### YOUR ASSIGNMENT
With the pictures omitted, print exactly the lines below, from the one containing "System Commander 2.11 от V Communications" through the one containing "Windows 95 Device Driver Kit", and nothing else.

### PROVIDED MATERIAL
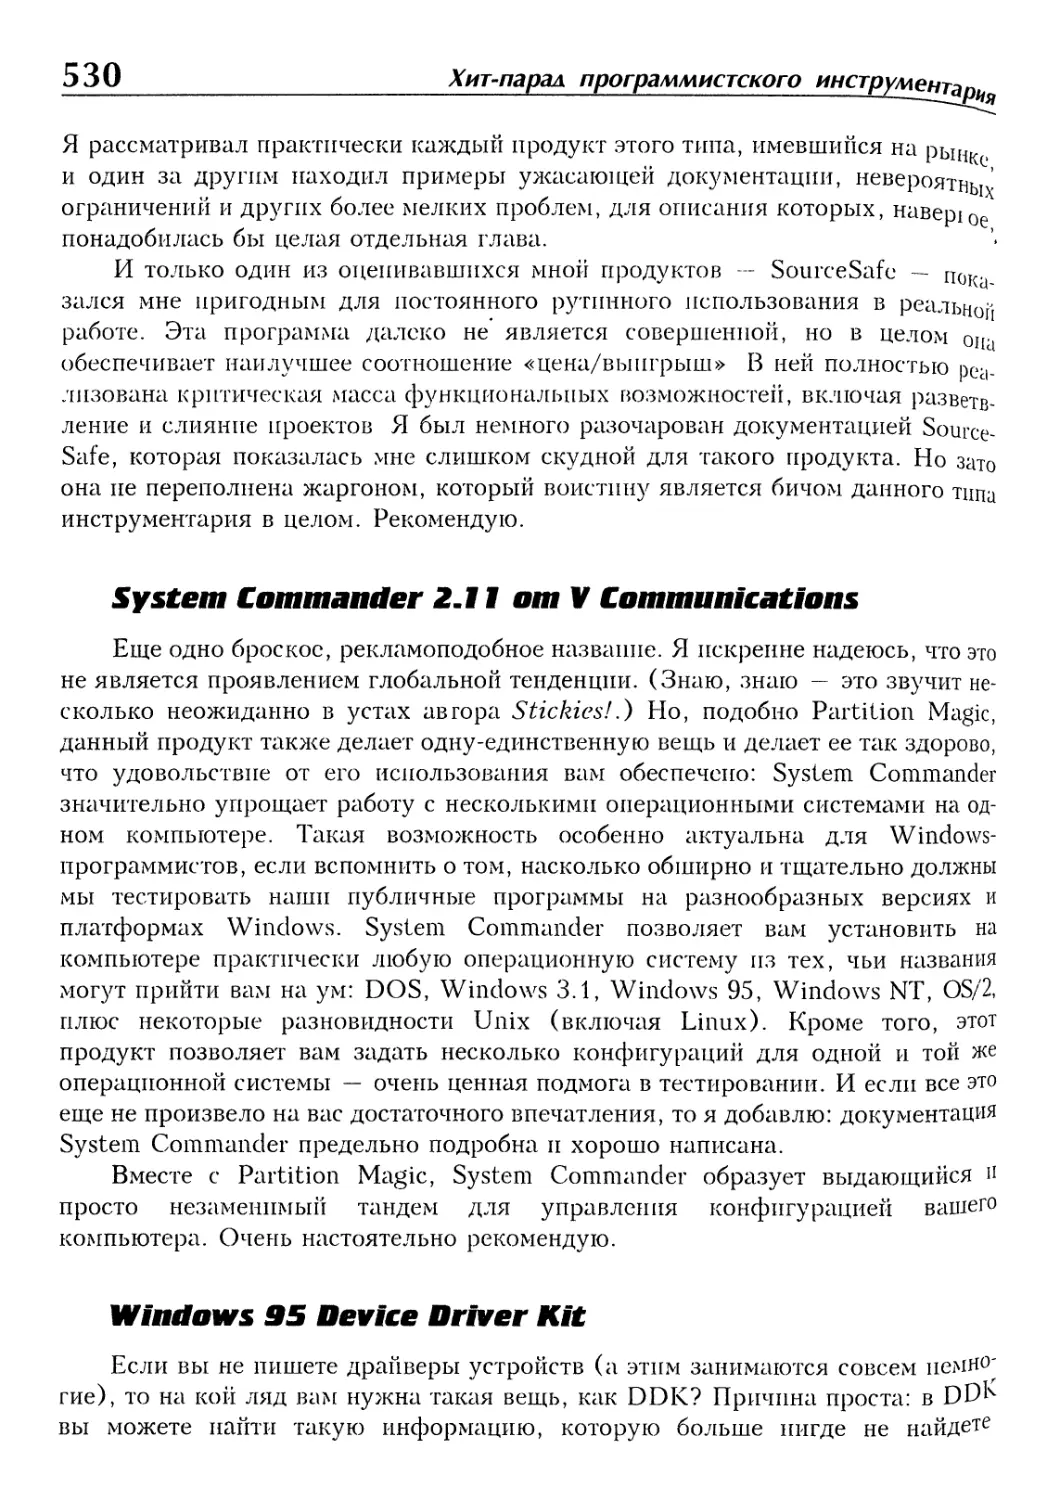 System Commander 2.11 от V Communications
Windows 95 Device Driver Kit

...

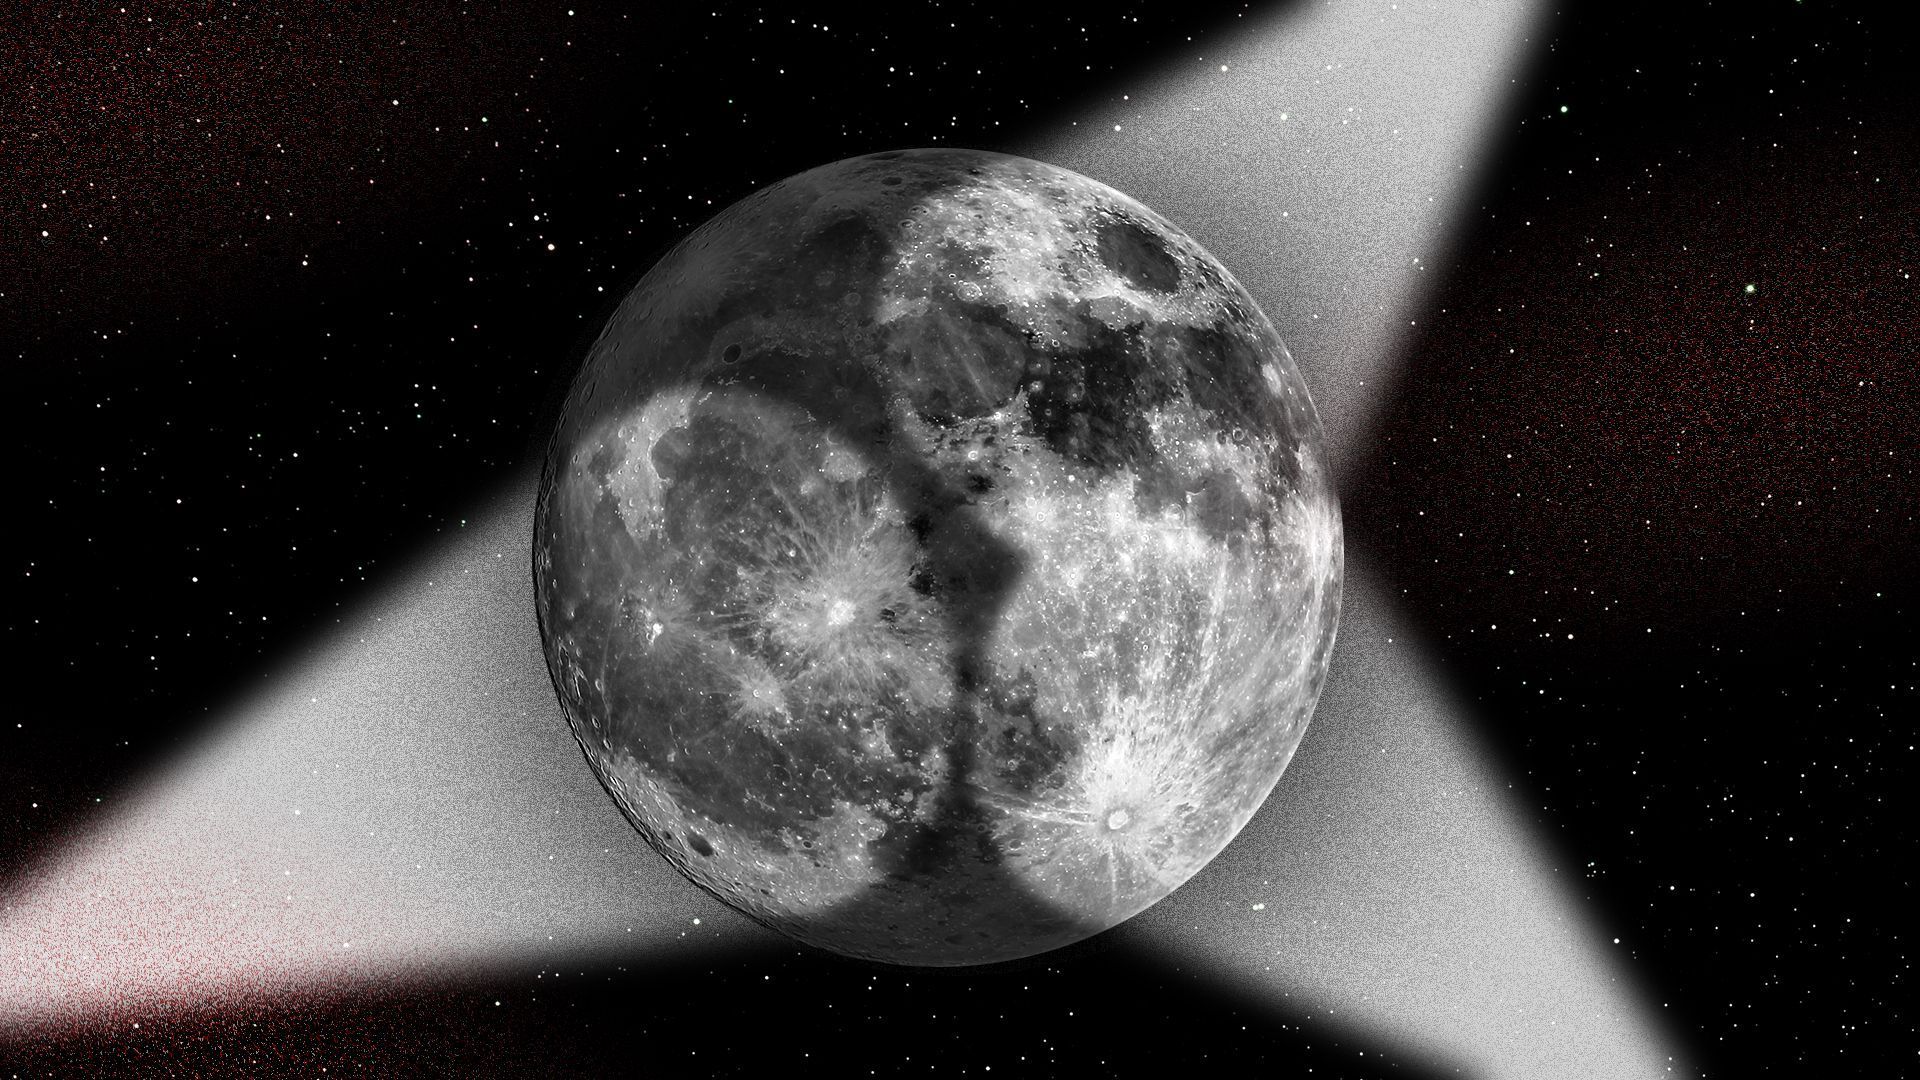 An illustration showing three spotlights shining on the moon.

### WORKED SOLUTION
 System Commander 2.11 от V Communications
Windows 95 Device Driver Kit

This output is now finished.